▶ **Exercise details**
Once the pictures are set aside, copy the data below exactly as it stands.

▶ **Stored data**

* * * * * * * * *

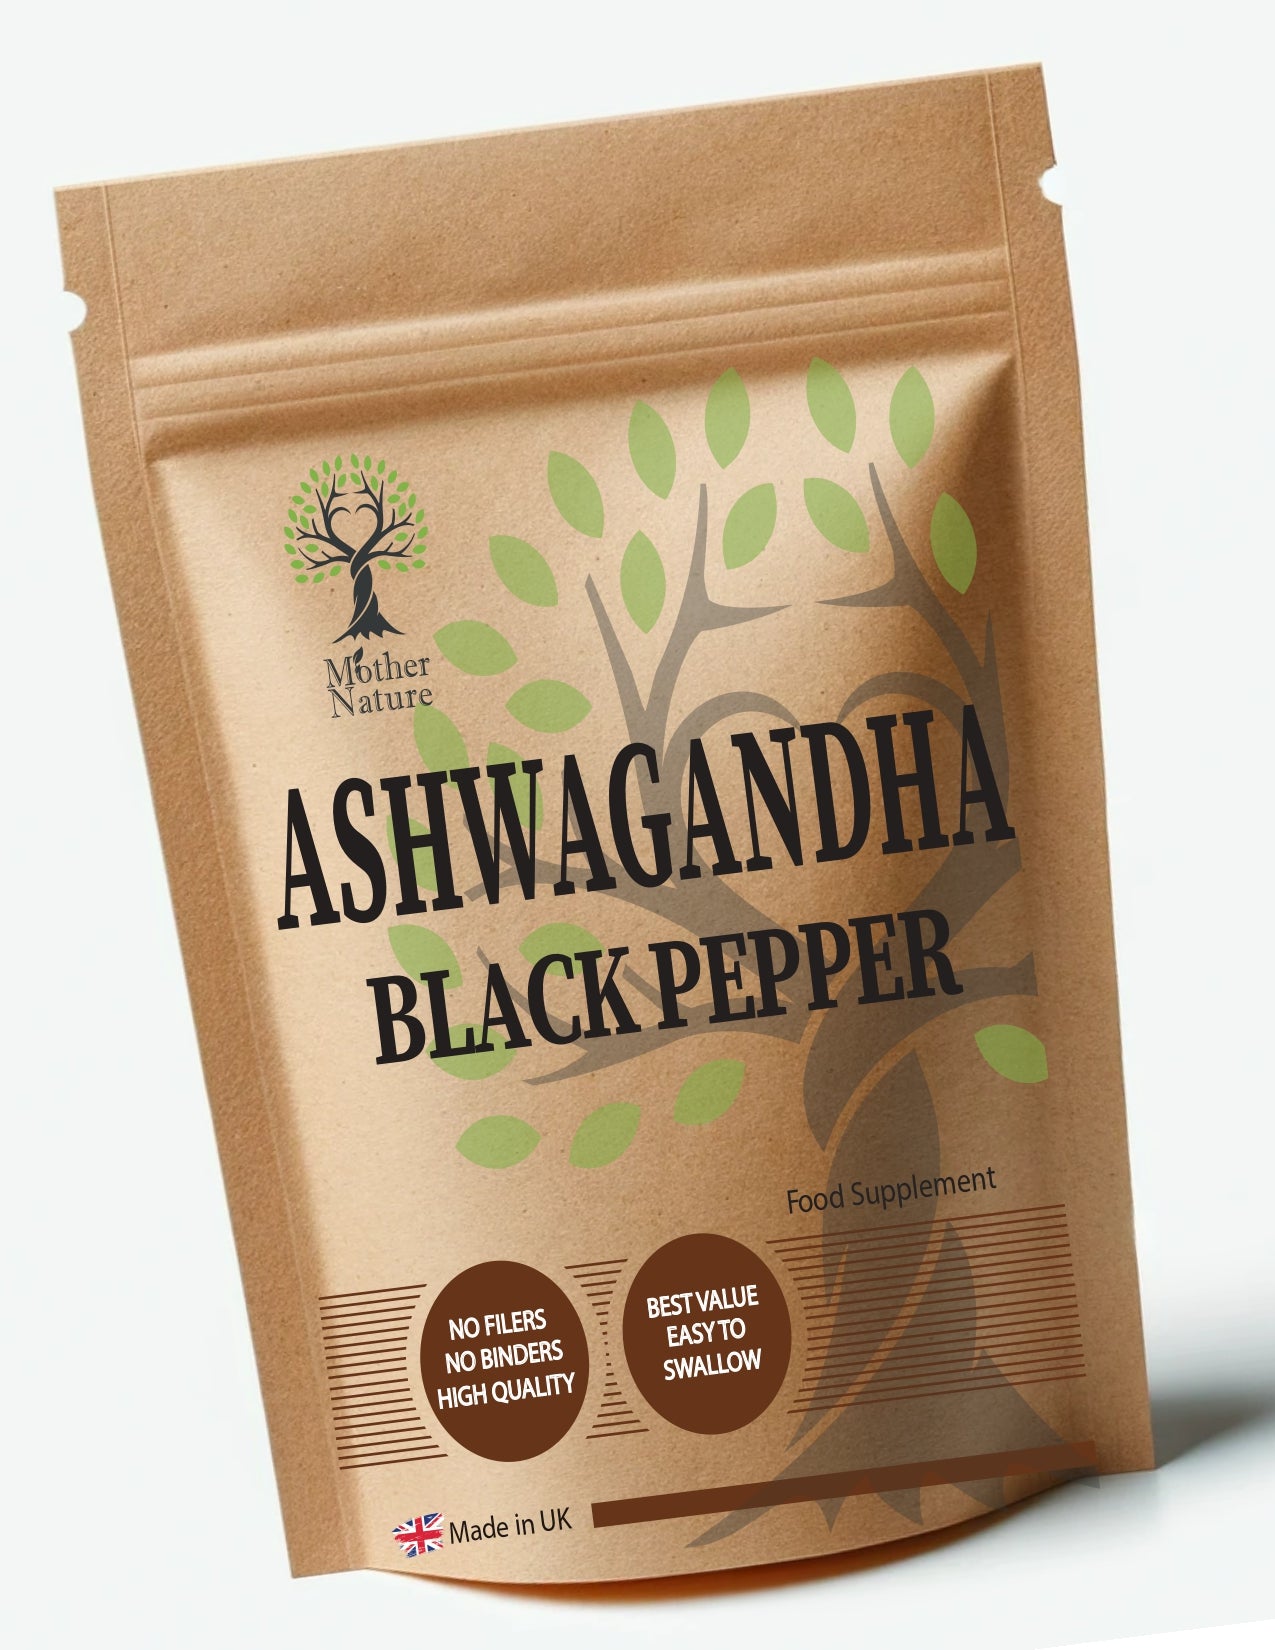 Ashwagandha Black Pepper Mix 600mg Natural Ashwagandha Capsules Root Extract Strong Effective Vegan Supplements
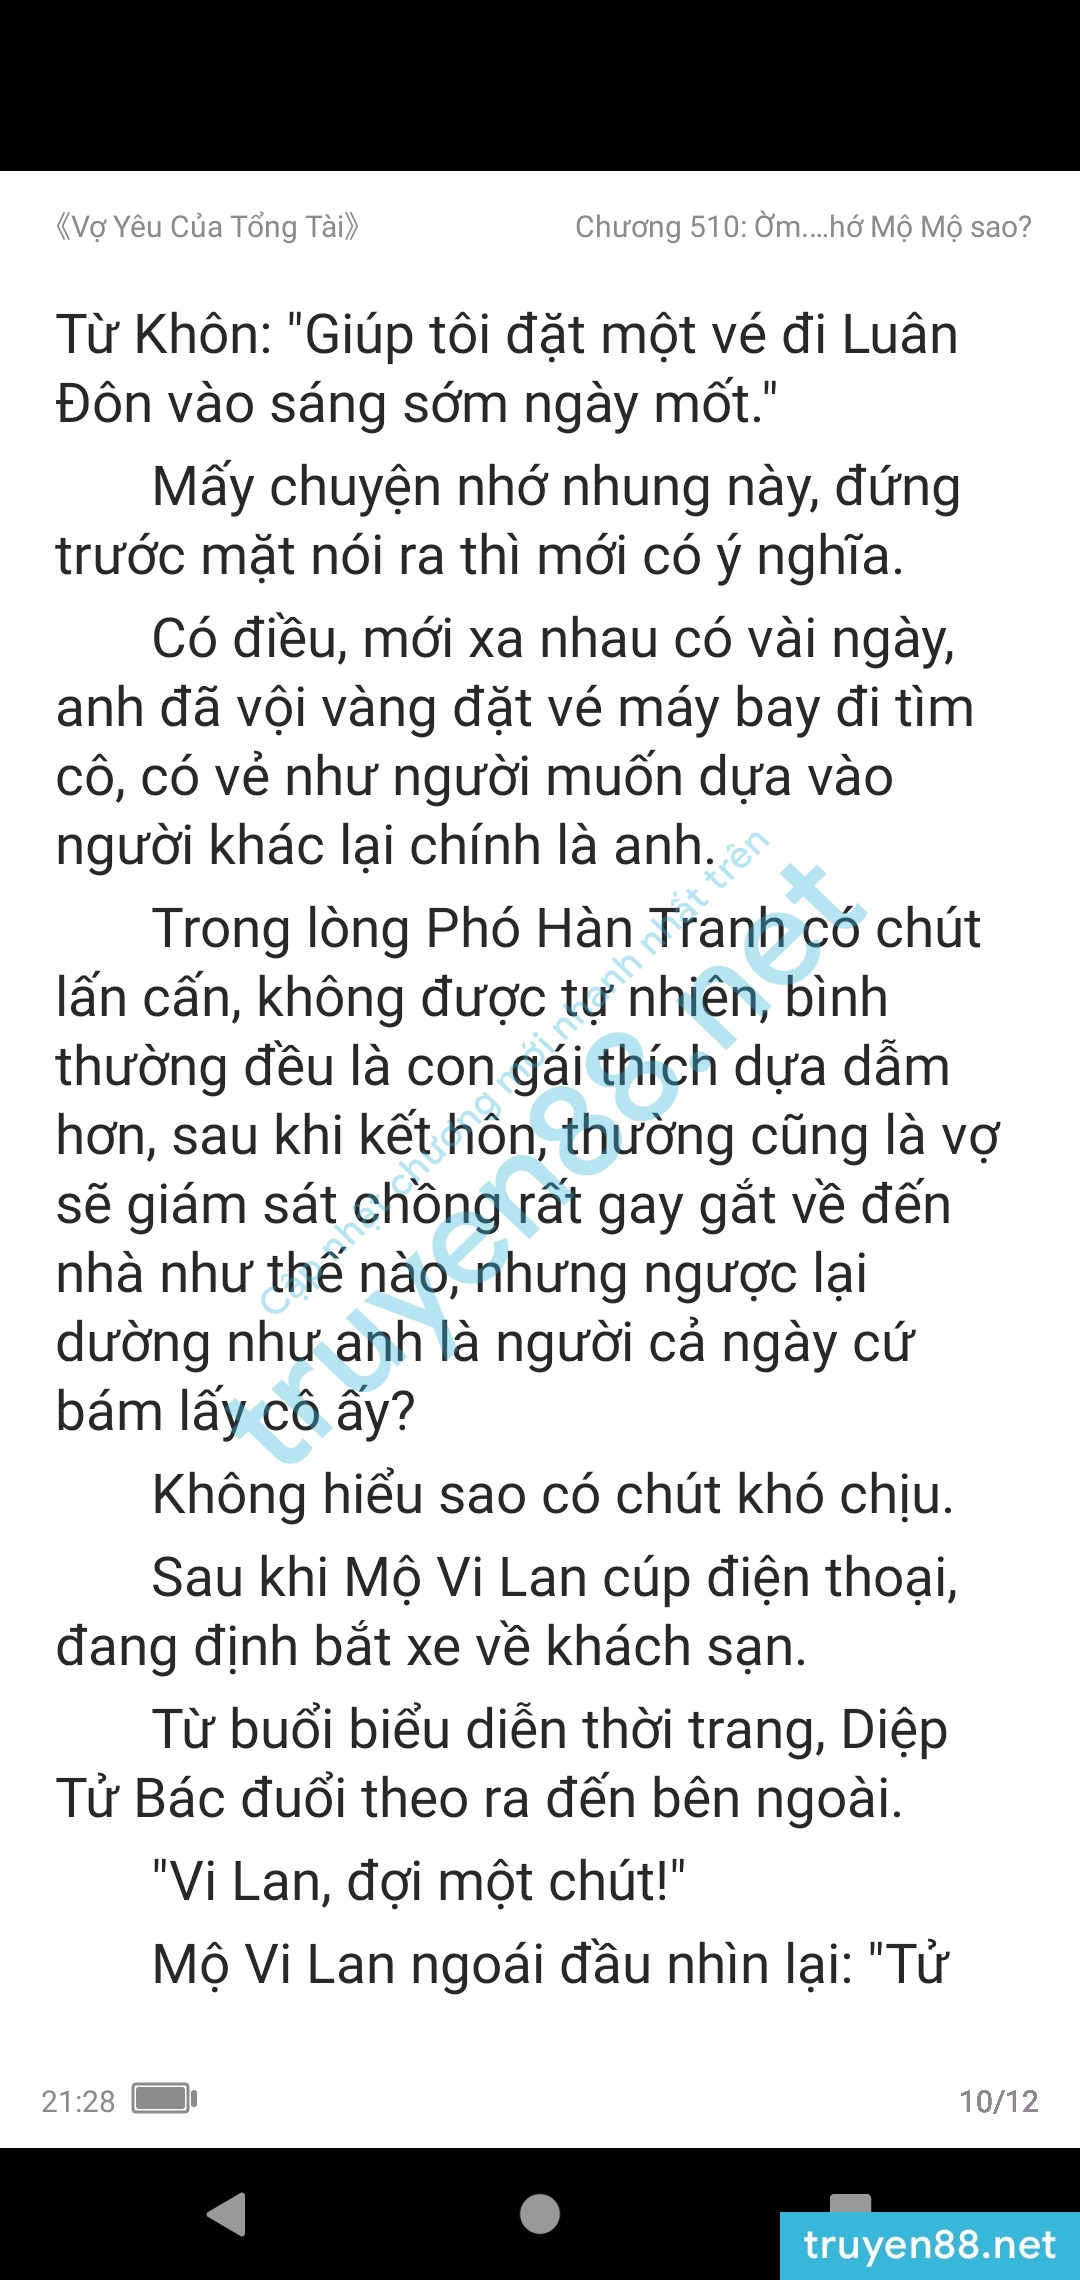 vo-yeu-cua-tong-tai-mo-vi-lan--pho-han-tranh-520-1
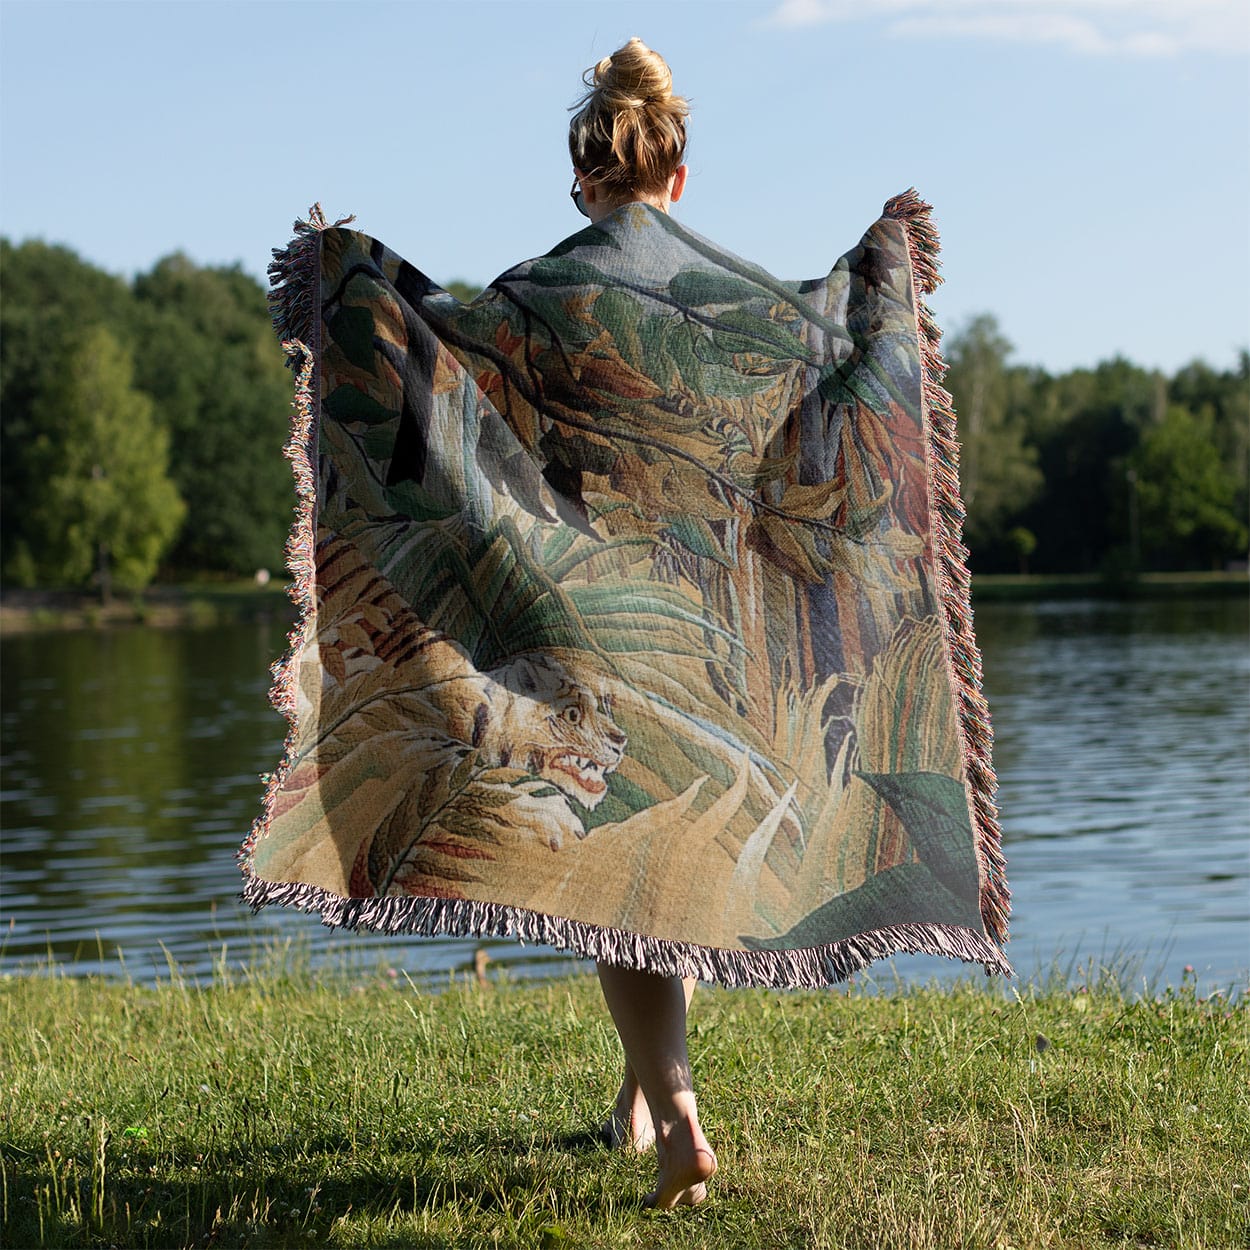 Jungle Landscape Woven Blanket Held on a Woman's Back Outside

* * * * * * * * *

▶ **Response area**
 Ashwagandha Black Pepper Mix 600mg Natural Ashwagandha Capsules Root Extract Strong Effective Vegan Supplements
 vo-yeu-cua-tong-tai-mo-vi-lan--pho-han-tranh-520-1
 Jungle Landscape Woven Blanket Held on a Woman's Back Outside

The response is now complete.